One thread is tied to one GPU context, as long as you aren’t using the 2.0 beta driver API context switching which is for sharing contexts among libraries and applications.
Each GPU context has it’s own protected memory space, and device pointers cannot be shared between them. The GPU that the context is assigned to is done using cudaSetDevice(). Once a host thread is associated with a context, it can’t “see” anything on the device outside of it’s little context. So, there is no way for a single host thread to control more than one GPU.
That isn’t to say that a single host thread controlling multiple GPUs wouldn’t be convenient. I will be performing this in my own code using worker threads and function delegates. I.e., once I write the code I will be able to do something like this in one thread:
gpu1->call(bind(cudaSetDevice, 0));
gpu2->call(bind(cudaSetDevice, 1));
gpu1->call(bind(cudaMalloc, &d_gpu1, other args));
gpu2->call(bind(cudaMalloc, &d_gpu2, other args));
gpu1->call(bind(cudaMemcpy, d_gpu1, other args));
gpu2->call(bind(cudaMemcpy, d_gpu2, other args));
gpu1->call(bind(runKerenel, d_gpu1, other args));
gpu2->call(bind(runKernel, d_gpu2, other args));
gpu1 and gpu2 are the worker threads. “call” just pushes the function call tied up by boost::bind onto a queue. The worker thread pulls the calls off the queue and calls them. It will be a bit heavy on the requirements (C++ host code and linked to the boost library), but as you can see the syntax is pretty slick, allowing for any function to be passed into the queue. Another upshot is that all call()'s will automatically be the equivalent of CUDA_SAFE_CALL, throwing an exception if an error is reported (in debug mode only).
If anyone is interested, the code will be open sourced once I write it.

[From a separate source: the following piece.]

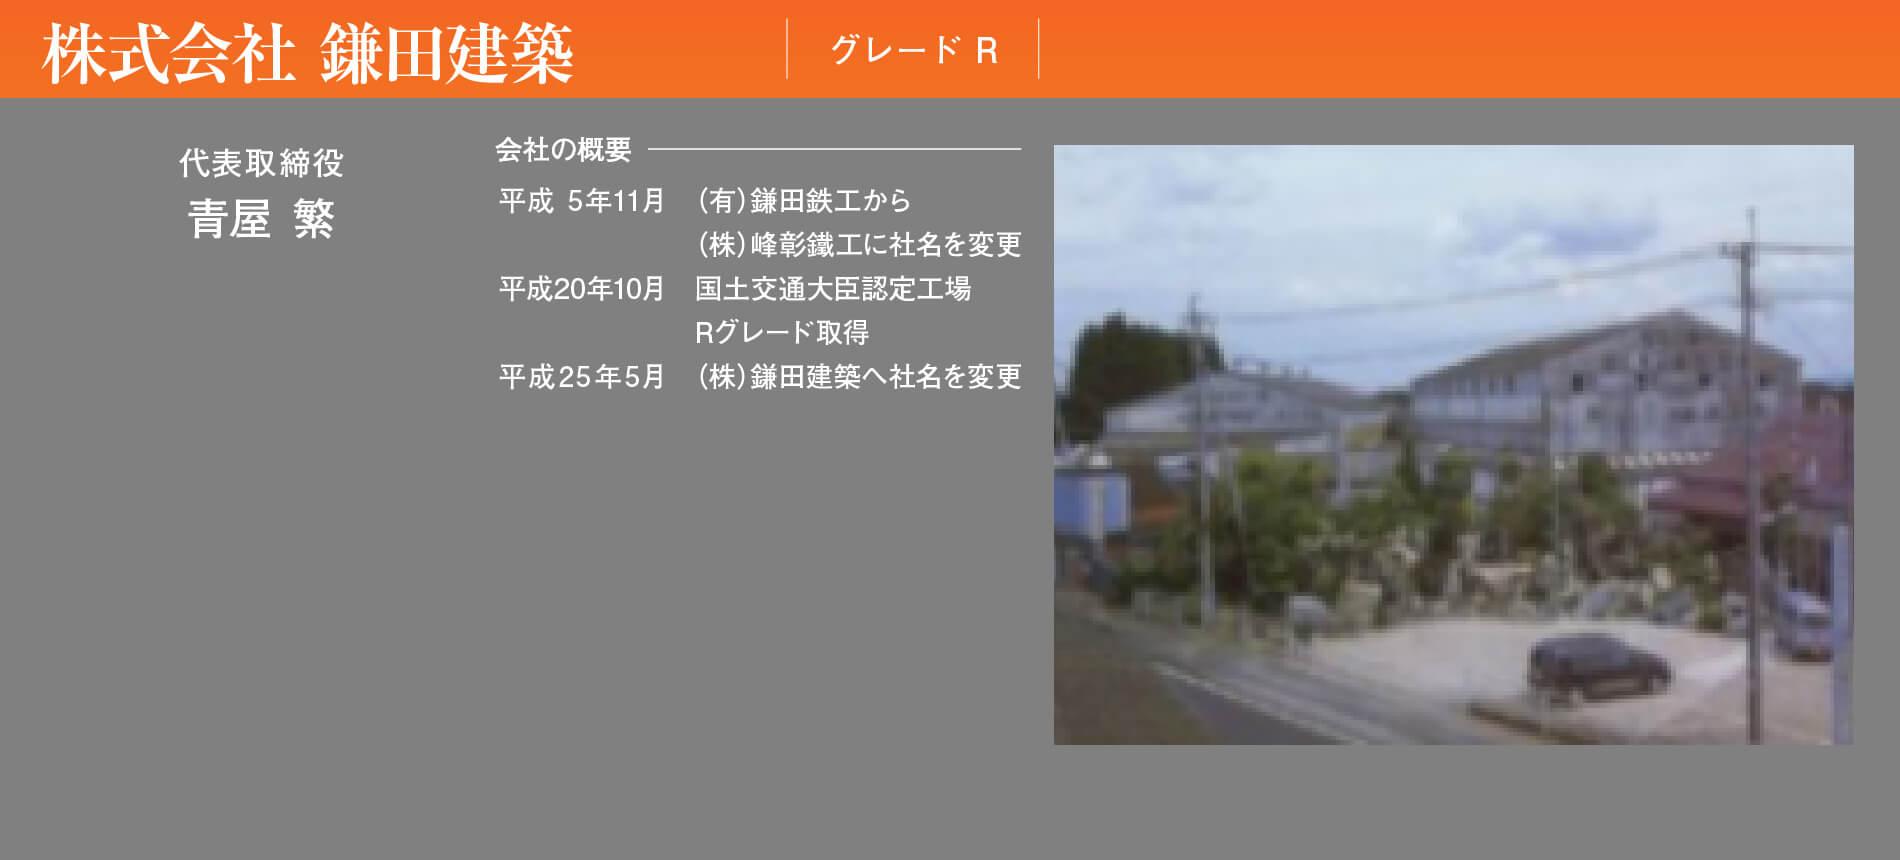 union-member_kamata-kenchiku

Yes, there will be some overhead in calling functions with boost::bind and passing them to worker threads. However 1) My application targets a maximum of thousands of calls per second which shouldn’t be a problem (… I hope … will test). 2) If the GPU is kept busy ~100% of the time, much of the cost of queuing up the function delegates will just be overlapped with the GPU execution and effectively cost nothing in the end.